Look over the material for the string "Fabric". Copy every line where it turns up.

DATA TO PROCESS
--
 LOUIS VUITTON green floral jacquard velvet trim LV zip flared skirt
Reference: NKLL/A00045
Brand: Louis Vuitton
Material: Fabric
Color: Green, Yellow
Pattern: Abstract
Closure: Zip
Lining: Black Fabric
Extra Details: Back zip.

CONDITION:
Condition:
--
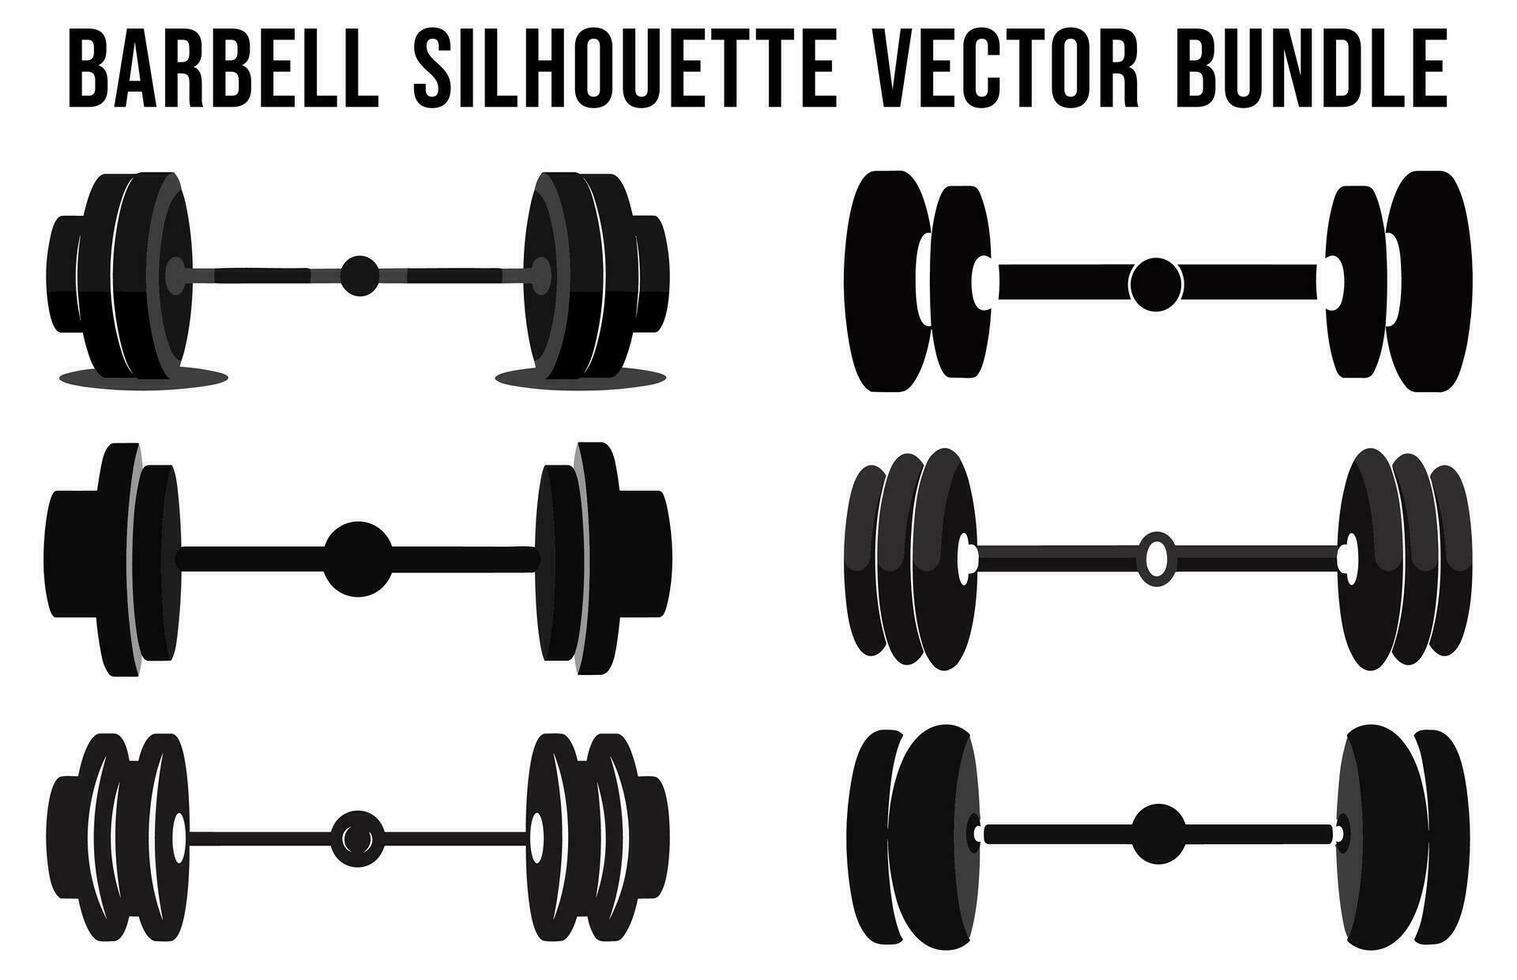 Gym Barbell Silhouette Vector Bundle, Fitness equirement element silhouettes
--
WRITTEN RESPONSE
Material: Fabric
Lining: Black Fabric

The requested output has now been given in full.